> **Task brief**
Your output should be the lines from the one containing "Jewelry box gold knot in polished nickel" through the end of the listing, exact and inclusive, with no pictures.

> **Source material**
################

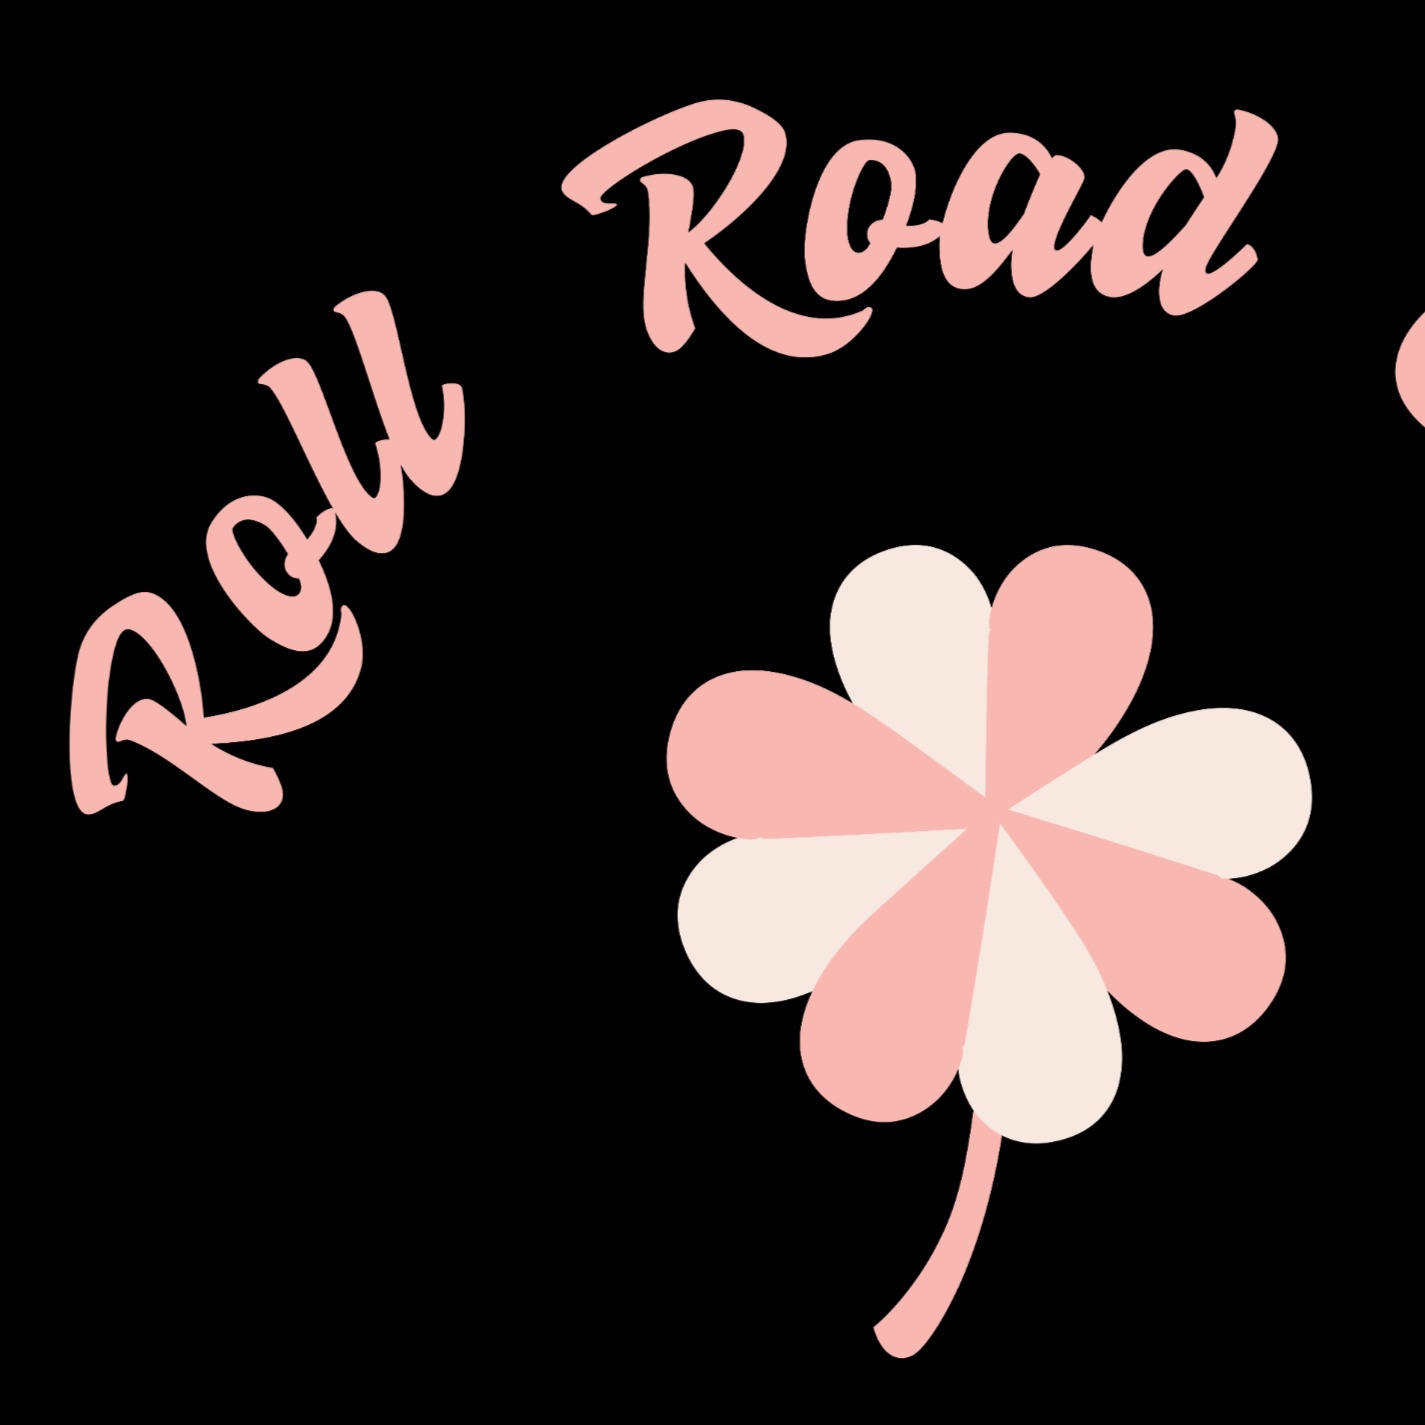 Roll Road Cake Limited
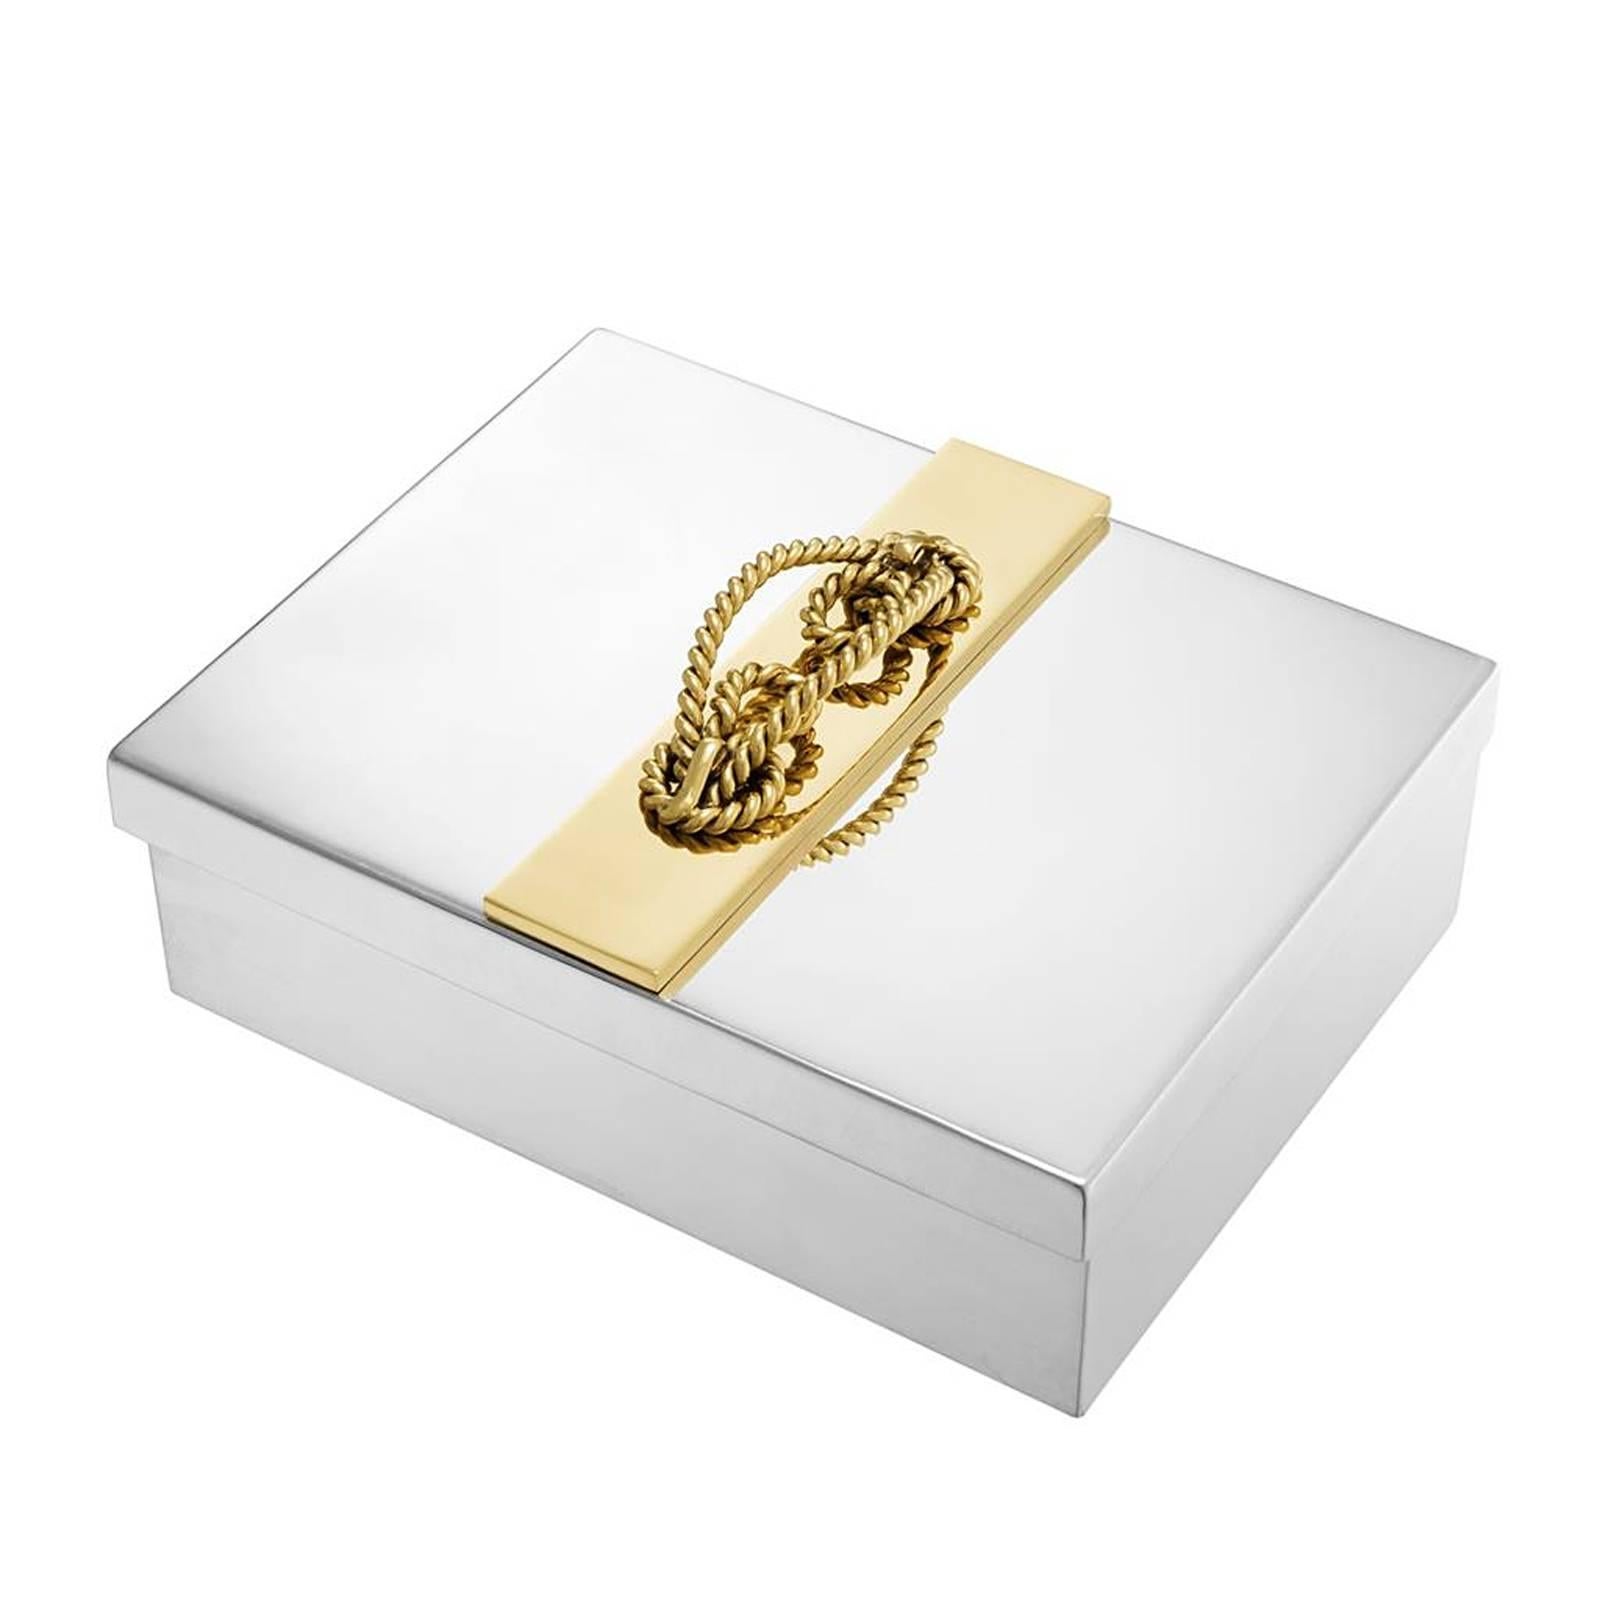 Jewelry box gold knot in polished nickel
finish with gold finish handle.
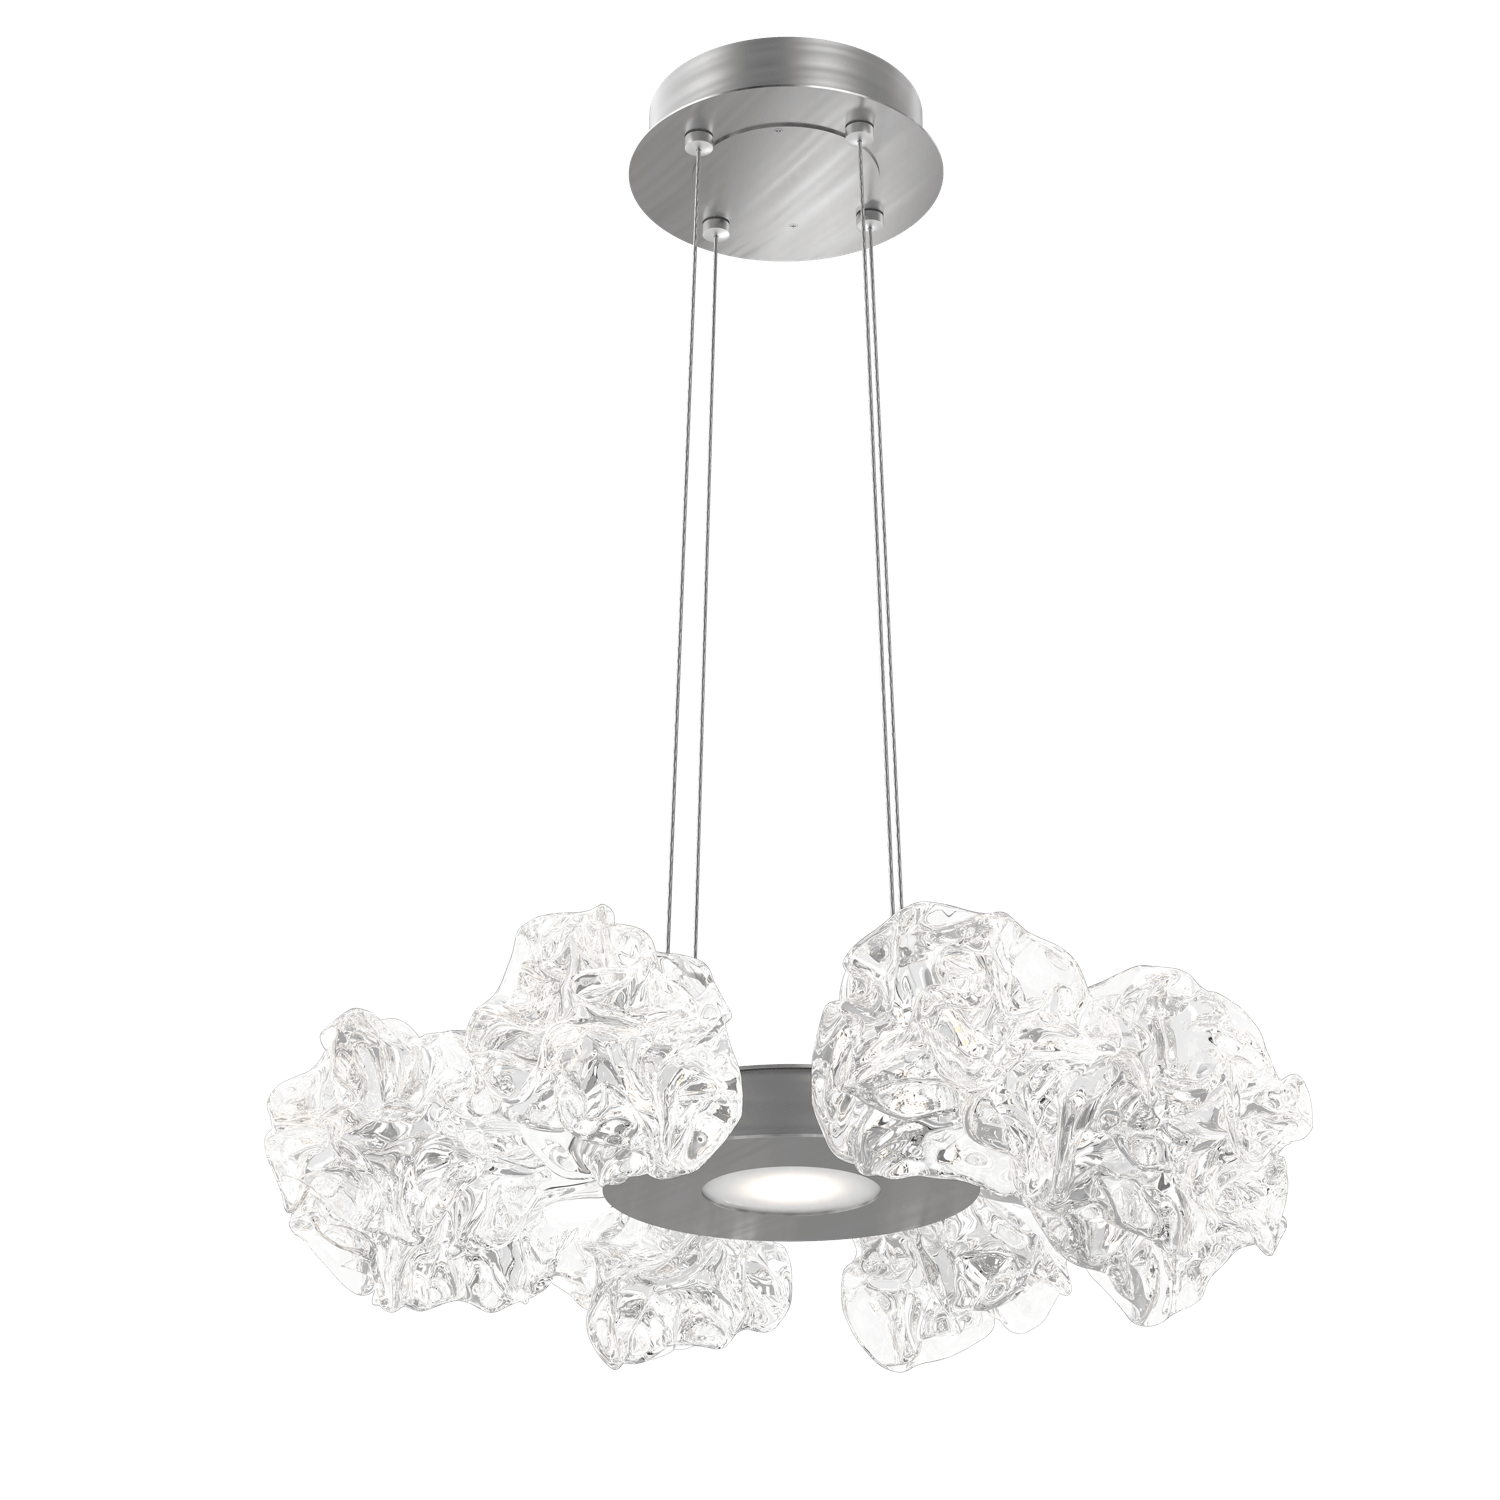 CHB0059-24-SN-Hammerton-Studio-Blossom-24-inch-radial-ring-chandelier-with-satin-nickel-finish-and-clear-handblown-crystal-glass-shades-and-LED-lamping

################

> **Solution to the problem**
 Jewelry box gold knot in polished nickel
finish with gold finish handle.
 CHB0059-24-SN-Hammerton-Studio-Blossom-24-inch-radial-ring-chandelier-with-satin-nickel-finish-and-clear-handblown-crystal-glass-shades-and-LED-lamping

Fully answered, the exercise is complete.